My trip with my son Jerray to China last month was enjoyable, exciting for him and amazing for me.  Jerray took 800 pictures which I hope he will talk about somewhere but what I would like to talk about here is a social term, ‘xiaosan’, which I heard and read so frequently in this trip in China and outside of China, especially on Internet blogs, newspapers, television and even in movies. I will not keep you in suspense on the meaning of this word, if you promise to read the entire article till the end, which is focused on a serious matter.
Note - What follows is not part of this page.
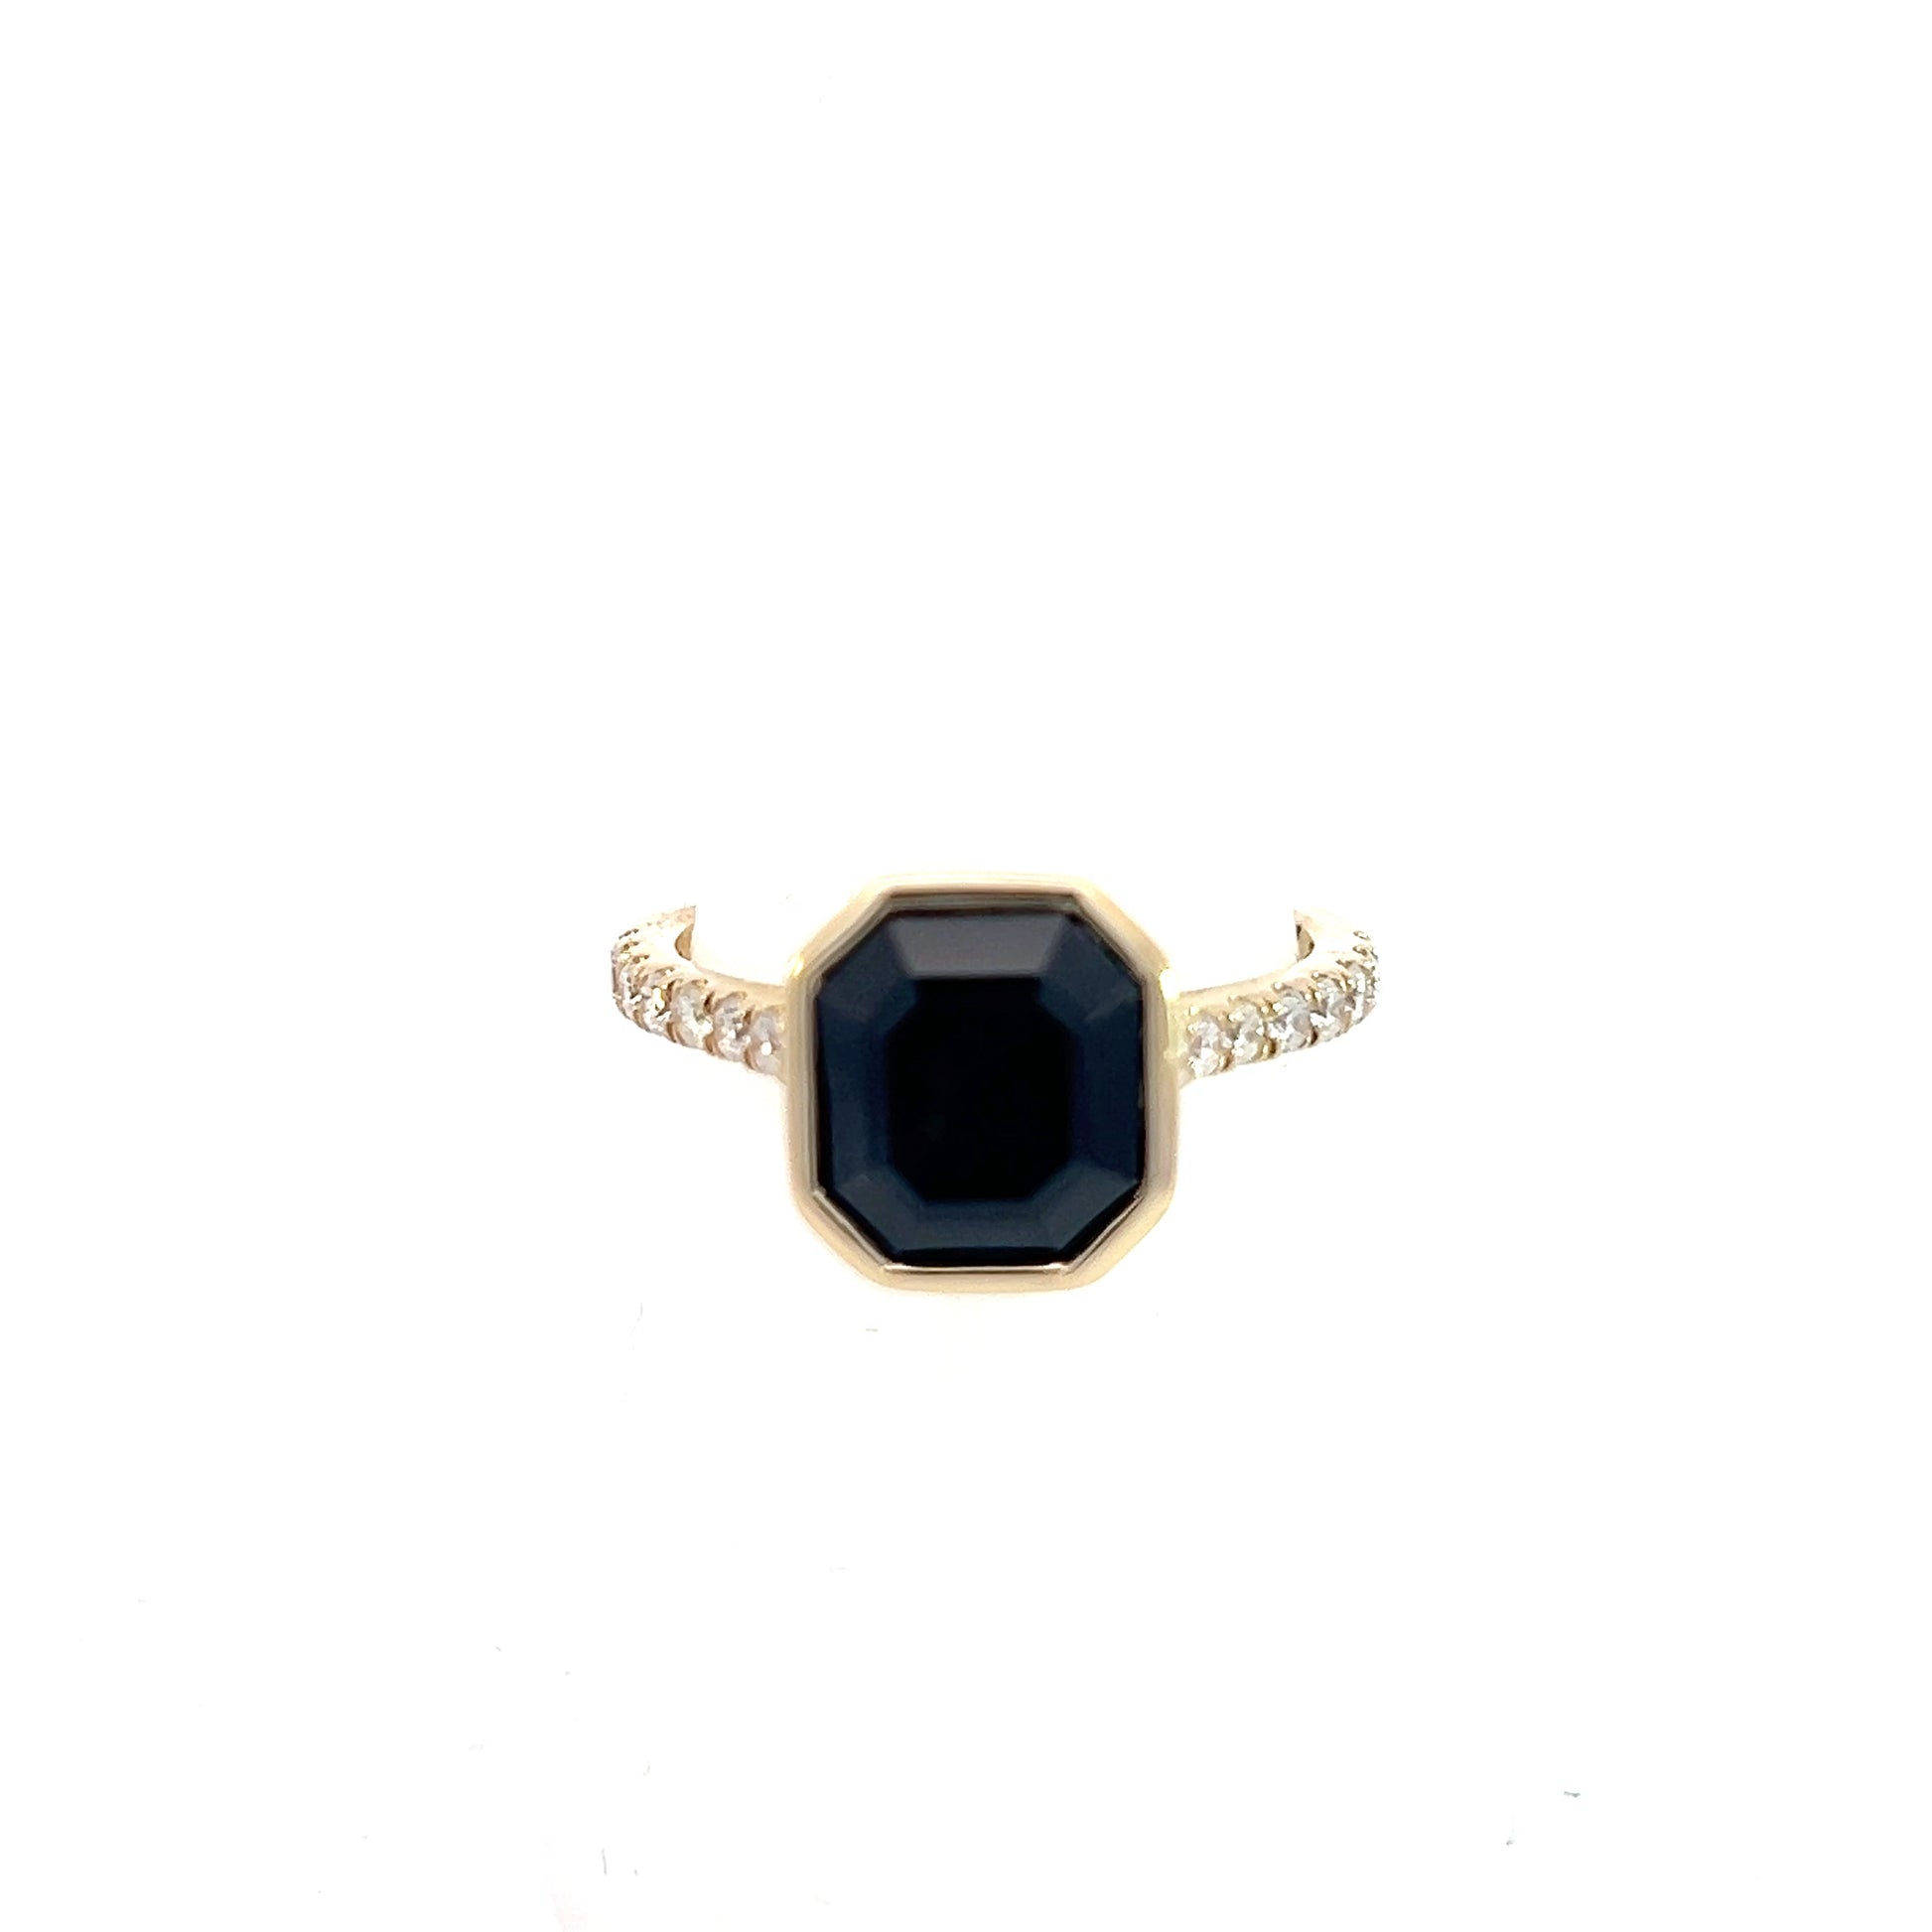 Natural Sapphire Diamond Ring 6.75 14k Yellow Gold 4.65 TCW Certified $3,950 310597

‘Xiaosan’ means ‘number three’ or ‘little three’ in Mandarin but it is the most used word in the media world-wide today simply because it is a wicked, powerful and frightful word that wrecks marriages, brings about corruption, destroys governments and endangers foreign relations such as the US-China relationship. Recently, the newspapers have reported that the divorce rate in China is rising rapidly and the primary culprit is ‘xiaosan’- a third party coming into a marriage and breaking it.  Xiaosan is also often the cause for inducing betrayal and corruption exemplified by chateaus or secret apartments occupied by xiaosans paid with embezzled funds. The notorious on-going trials of Bo and many other corrupted high officials in China reveal that the xiaosan phenomenon was rampant: articles, books and movies began to talk about ‘xiaosan’ and how to deal with xiaosan, becoming best sellers. Frequent spying and testing your partner’s (employees in the businesses) cell phones and emails are the minimum security measures recommended.  The hot US stories such as sexting by Anthony Weiner, candidate for New York Mayor, and the high profile divorce of Wendy Deng and Rupert Murdoch all got into the xiaosan gossip mills. The question whether Wendy was a xiaosan herself breaking the Murdoch marriage drew a huge debate in the Internet.


Now what has ‘xiaosan’ got to do with US-China relation, you would wonder? Please do read on.


Mark Leonard, a writer and a journalist, the author of the best seller, Why Europe Will Run the 21st Century (2005, translated into 19 languages) and What Does China Think (2008, translated into 14 languages), wrote a long essay published in Foreign Affairs (9/06/2013). The essay is entitled “Why Convergence Breeds Conflict – Growing More Similar Will Push China and The United States Apart” (http://www.foreignaffairs.com/articles/139650/mark-leonard/why-convergence-breeds-conflict). Many good observations and analyses were presented in the essay but its conclusion captured by the title is totally illogical in my opinion. Instead of believing that the two countries growing more similar is the cause for pushing them apart, I rather suppose that the two countries have not examined their similarities diligently enough, through historical facts and present developments, to discover and nurture a warm relationship. I further suppose that the two countries are marching on a dangerous path guided by erroneous foreign policies (Clinton initiated them, Kerry seems to continue the same mistake) derived from a worst-case scenario analysis based on faulty assumptions due to a lack of honest historical perspective.  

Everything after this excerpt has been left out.